▸ **Exercise prompt**:
Extract, in full, the lines below, beginning at the first and ending with the line that contains "Un uomo ricco". Pictures do not belong in the copy.

═════ Data shown ═════

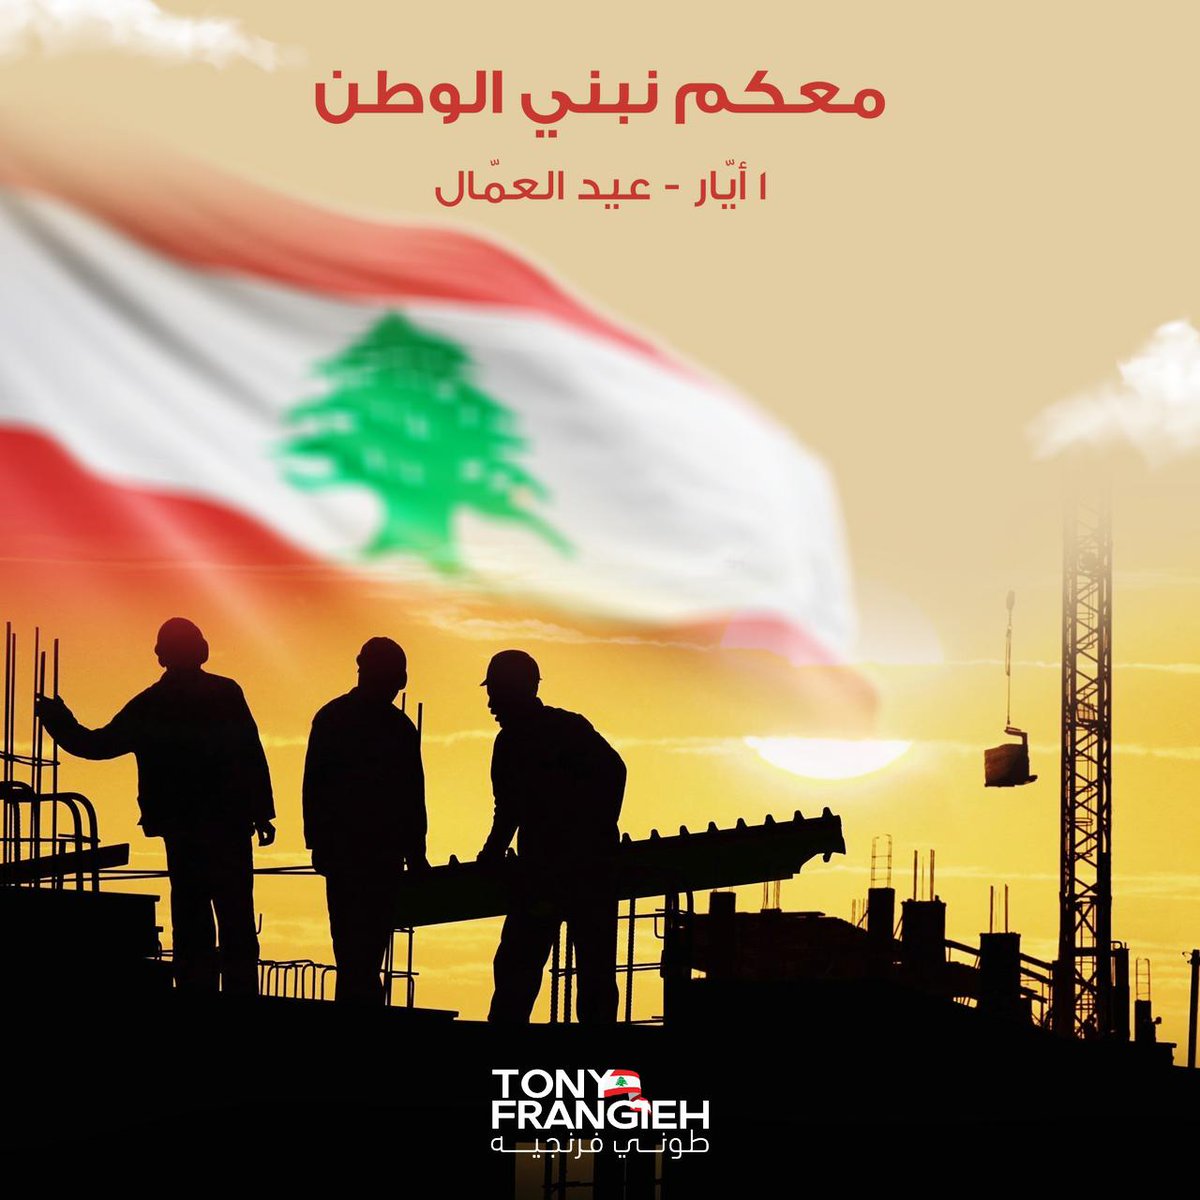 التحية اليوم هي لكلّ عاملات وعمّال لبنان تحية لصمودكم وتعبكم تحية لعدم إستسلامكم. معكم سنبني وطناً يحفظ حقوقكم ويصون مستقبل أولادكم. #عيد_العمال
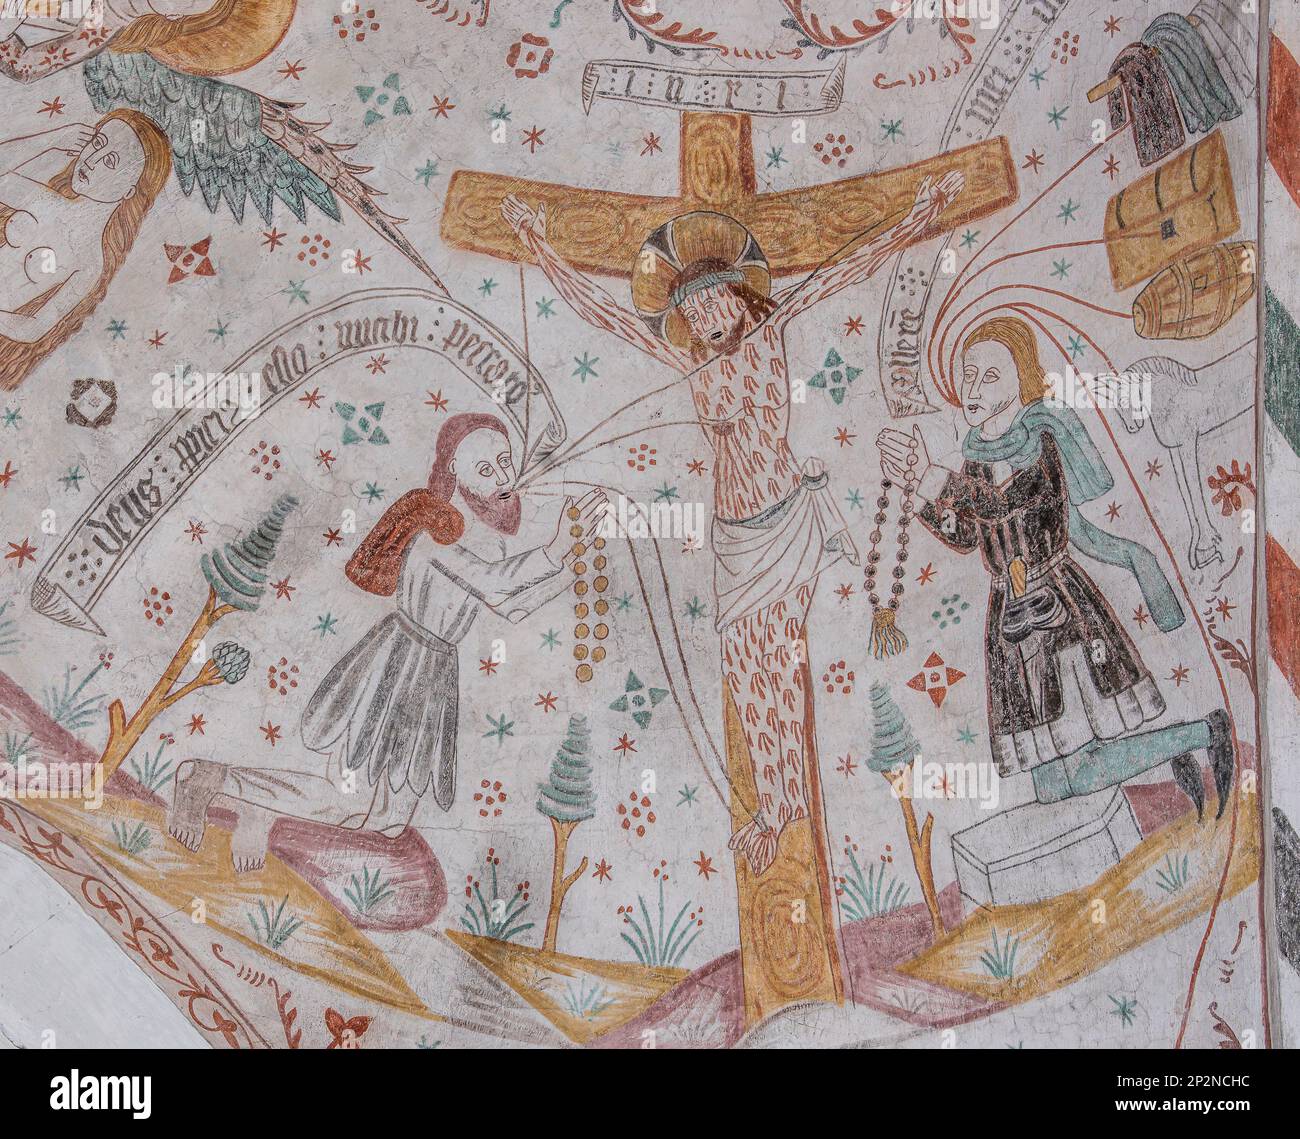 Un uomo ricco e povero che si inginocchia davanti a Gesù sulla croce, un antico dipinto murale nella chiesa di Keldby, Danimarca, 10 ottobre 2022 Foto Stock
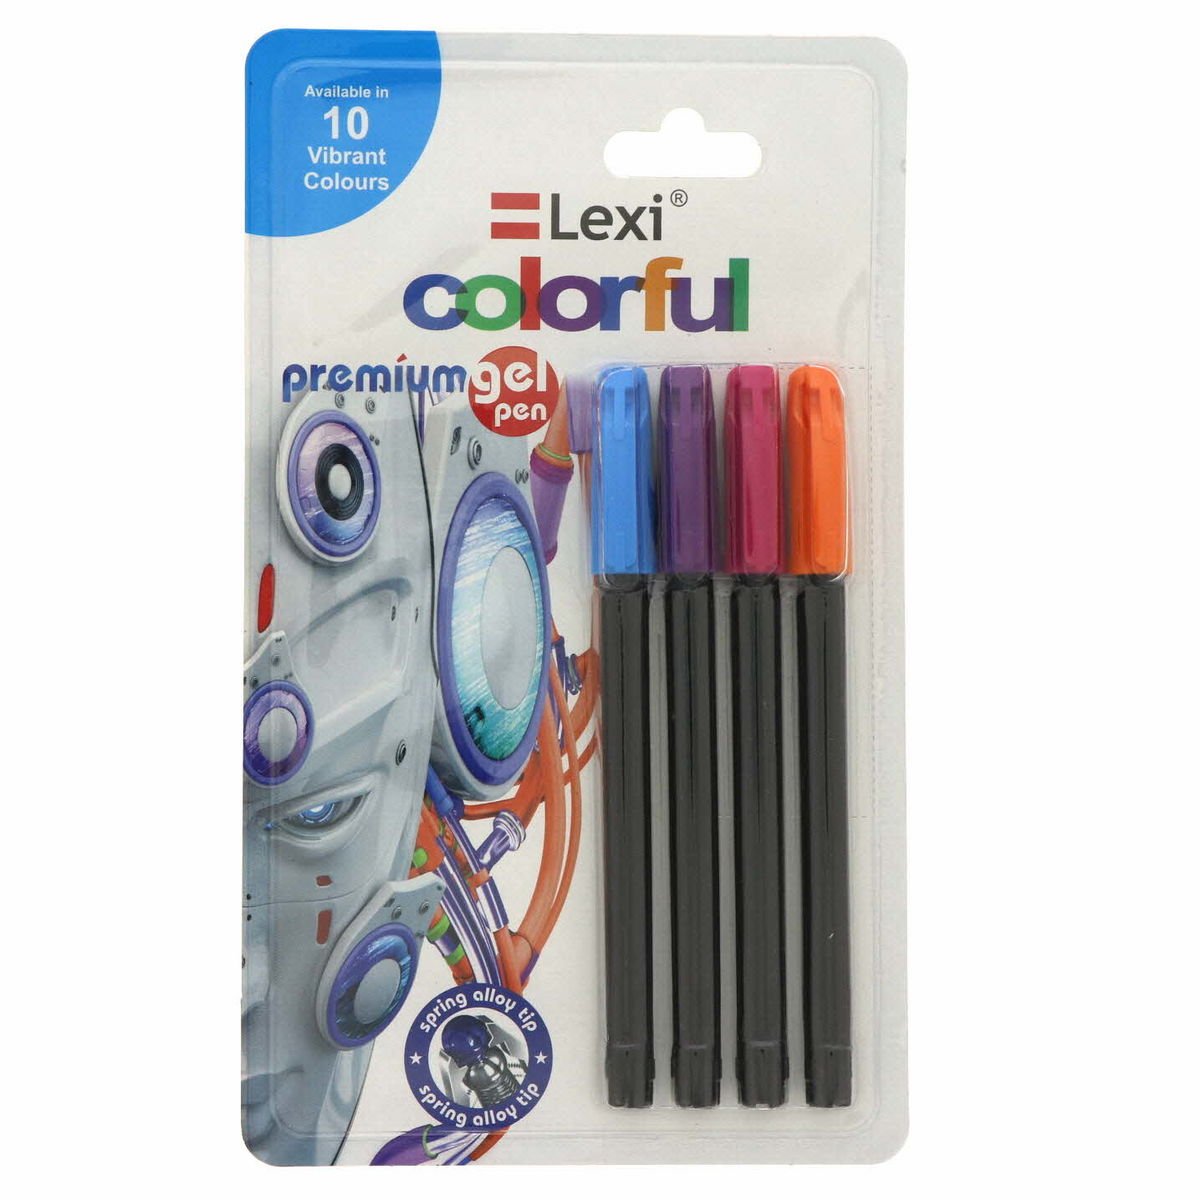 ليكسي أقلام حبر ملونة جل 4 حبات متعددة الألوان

═════

▸ **Response for this exercise**:
 التحية اليوم هي لكلّ عاملات وعمّال لبنان تحية لصمودكم وتعبكم تحية لعدم إستسلامكم. معكم سنبني وطناً يحفظ حقوقكم ويصون مستقبل أولادكم. #عيد_العمال
 Un uomo ricco e povero che si inginocchia davanti a Gesù sulla croce, un antico dipinto murale nella chiesa di Keldby, Danimarca, 10 ottobre 2022 Foto Stock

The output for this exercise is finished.